Pre-computed reachability is an approximate analysis technique that determines vulnerability exposure by operating directly on dependency relationships and available metadata. This method eliminates the need for code compilation or full call graph generation while automatically treating all direct dependencies as reachable and focusing on analyzing transitive dependencies.
Pre-computed reachability offers a faster alternative to traditional analysis, enabling teams to assess potential risks when a full build or complete call graph is unavailable. It can serve as the primary method for quick scans or as the fallback option when traditional reachability analysis fails after a full scan. However, this approach may produce false positives.
To enable pre-computed reachability analysis, use the ENDOR_SCAN_ENABLE_PRECOMPUTED_CALLGRAPHS flag.
export ENDOR_SCAN_ENABLE_PRECOMPUTED_CALLGRAPHS=true
Once enabled, pre-computed reachability analysis is used in the following scenarios:
-
Quick Scan: When you run
endorctl scan --quick-scan, the system uses pre-computed reachability analysis. -
Full Scan: When you run
endorctl scan, the system attempts traditional call graph generation first and switches to pre-computed reachability only if the build fails.
Pre-computed reachability is supported for the following languages: java, javascript, typescript, kotlin, python, scala, and C#.

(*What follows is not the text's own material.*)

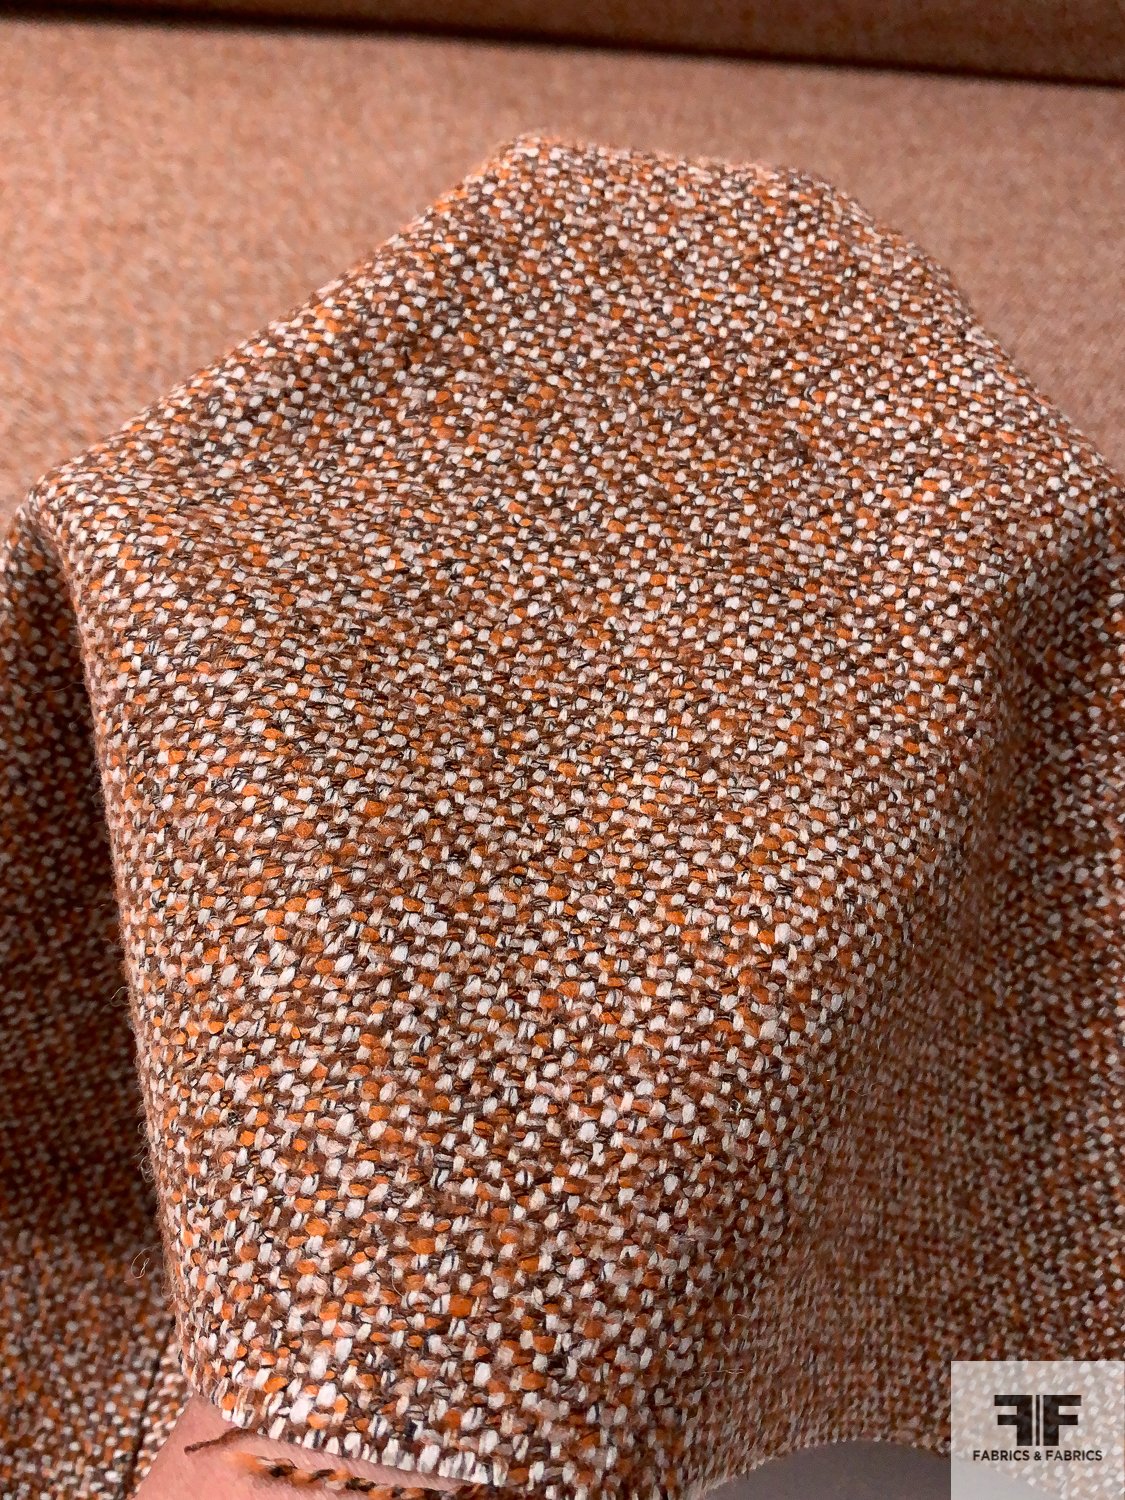 Italian Basic Virgin Wool Blend Ladies Tweed Suiting - Orange / Brown / Light Grey

Scan modes and pre-computed reachability
Endor Labs supports multiple scan modes that can utilize pre-computed reachability analysis. The analysis type depends on whether a call graph is generated and whether pre-computed reachability is available as a fallback.
The following table summarizes how pre-computed reachability is used across different scan modes:
| Scan type | Reachability analysis type | Reachability Coverage | Call graph generated |
|---|---|---|---|
| Quick scan | None | None | ✗ |
| Quick scan with pre-computed flag | Pre-computed | Transitive dependencies | ✗ |
| Full scan | Full dependency-level and function-level | Direct and transitive dependencies | ✓ |
| Full scan with pre-computed flag | Dependency-level and function-level. If the code build fails, it falls back to pre-computed reachability | Direct and transitive dependencies | ✗ |
Pre-computer reachability analysis process
Pre-computed reachability analysis evaluates transitive dependencies using available metadata and entry points. This analysis provides an approximate assessment of vulnerability exposure in dependencies.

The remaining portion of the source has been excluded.